Broker Clusters

4 Broker Clusters

Message Queue supports the use of broker clusters: groups of brokers working together to provide message delivery services to clients. Clusters enable a Message Queue service to scale messaging operations by distributing client connections among multiple brokers. Because a cluster consists of multiple brokers, the cluster helps protect against individual broker failure. Two cluster models provide different levels of message service availability.

This chapter discusses the architecture and internal functioning of broker clusters. It covers the following topics:

Cluster Models
Cluster Message Delivery
Conventional Clusters
Enhanced Clusters
Cluster Models Compared
Cluster Configuration

Cluster Models

Message Queue supports two clustering models both of which provide a scalable message service, but with each providing a different level of message service availability:

Conventional broker clusters. A conventional broker cluster provides for service availability. When a broker or a connection fails, clients connected to the failed broker reconnect to another broker in the cluster. However, messages and state information stored in the failed broker cannot be recovered until the failed broker is brought back online. The broker or connection failure can therefore result in a significant delay and in JMS message order not being preserved.
Enhanced broker clusters. An enhanced broker cluster provides for data availability in addition to service availability. When a broker or a connection fails, another broker takes over the pending work of the failed broker. The failover broker has access to the failed broker’s messages and state information. Clients connected to the failed broker reconnect to the failover broker. In an enhanced cluster, as compared to a conventional cluster, messages owned by the failed broker are delivered by the failover broker as soon as it takes over, and JMS message order semantics are preserved.

Note

Despite the message service availability offered by both conventional and enhanced broker clusters, they do not provide a guarantee against failure and the possibility that certain failures, for example in the middle of a transaction, could require that some operations be repeated. It is the responsibility of the messaging application (both producers and consumers) to handle and respond appropriately to failure notifications from the messaging service.
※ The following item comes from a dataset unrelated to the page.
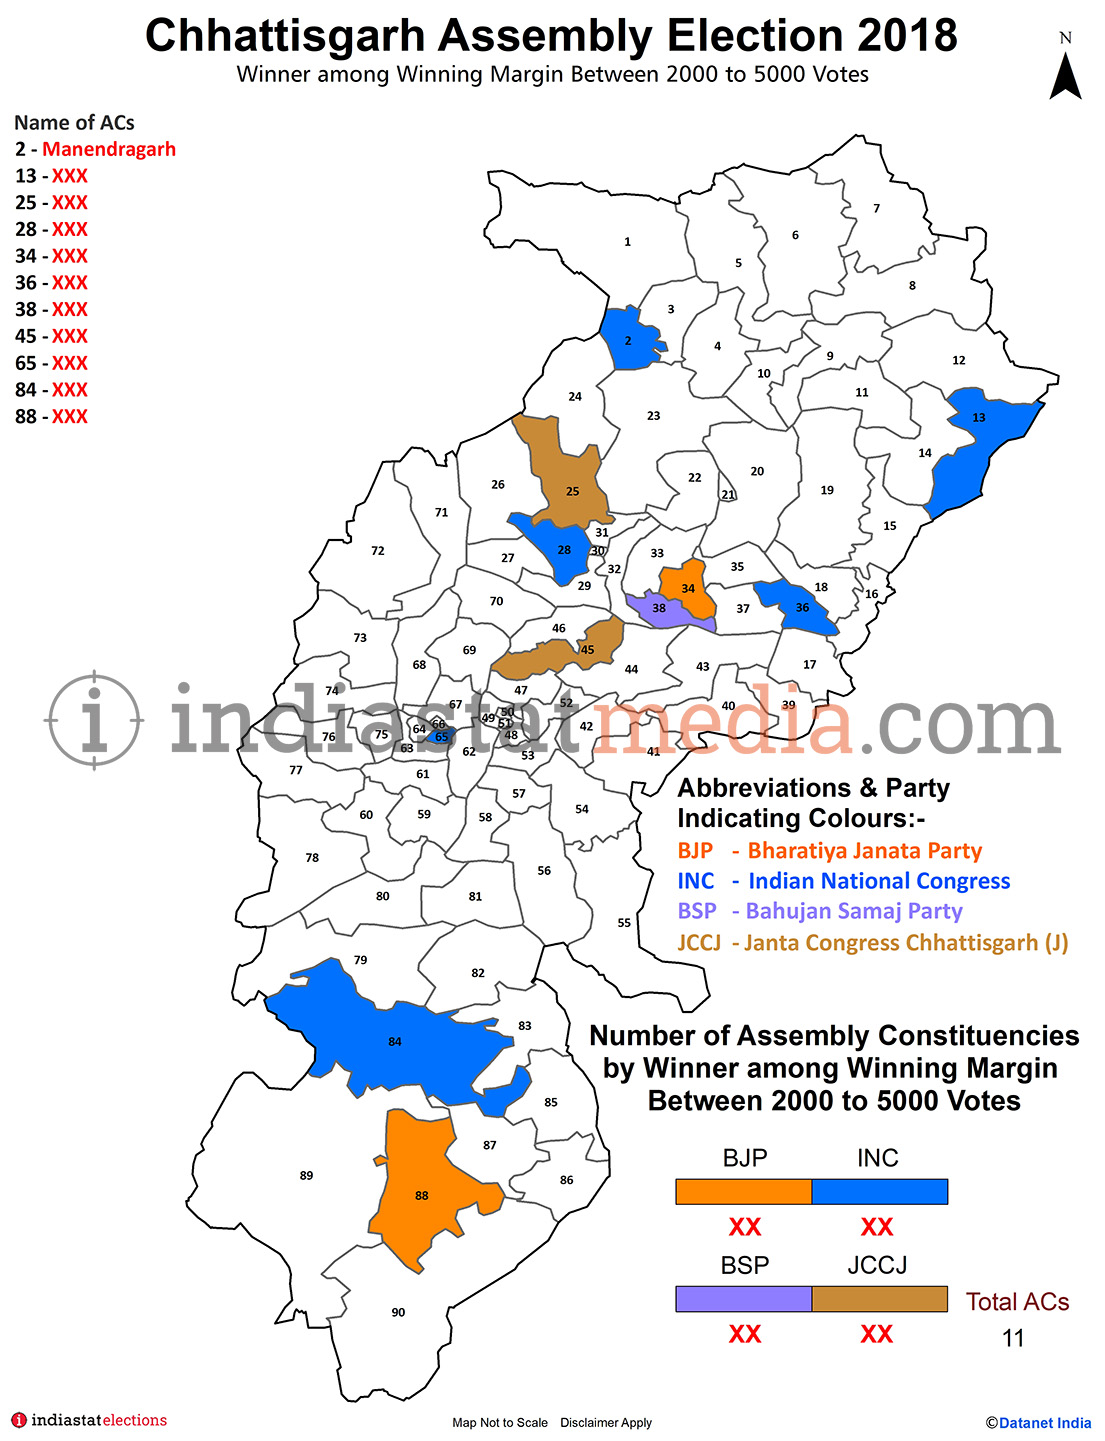 Winner among Winning Margin Between 2000 to 5000 Votes in Chhattisgarh (Assembly Election - 2018)

Conventional and enhanced broker clusters are built on the same underlying infrastructure and message delivery mechanisms. They differ in how brokers in the cluster are synchronized with one another and in how the cluster detects and responds to failures.

The sections that follow first describe the infrastructure and delivery mechanisms common to both clustering models, after which the unique aspects of each model is explained.

Cluster Message Delivery

A broker cluster facilitates the delivery of messages between client applications that are connected to different brokers in the cluster.

The following illustration shows salient features of a Message Queue broker cluster. Each of three brokers is connected to the other brokers in the cluster: the cluster is fully-connected. The brokers communicate with each other and pass messages by way of a special cluster connection service, shown in Figure 4-1 by the dashed lines.

Figure 4-1 Message Queue Broker Cluster

Diagram showing basic elements of a broker cluster. Figure explained in the text.

Each broker typically has a set of messaging clients (producers and/or consumers) that are directly connected to that broker. For these client applications, the broker to which they are directly connected is called their home broker. Each client communicates directly only with its home broker, sending and receiving messages as if that broker were the only broker in the cluster.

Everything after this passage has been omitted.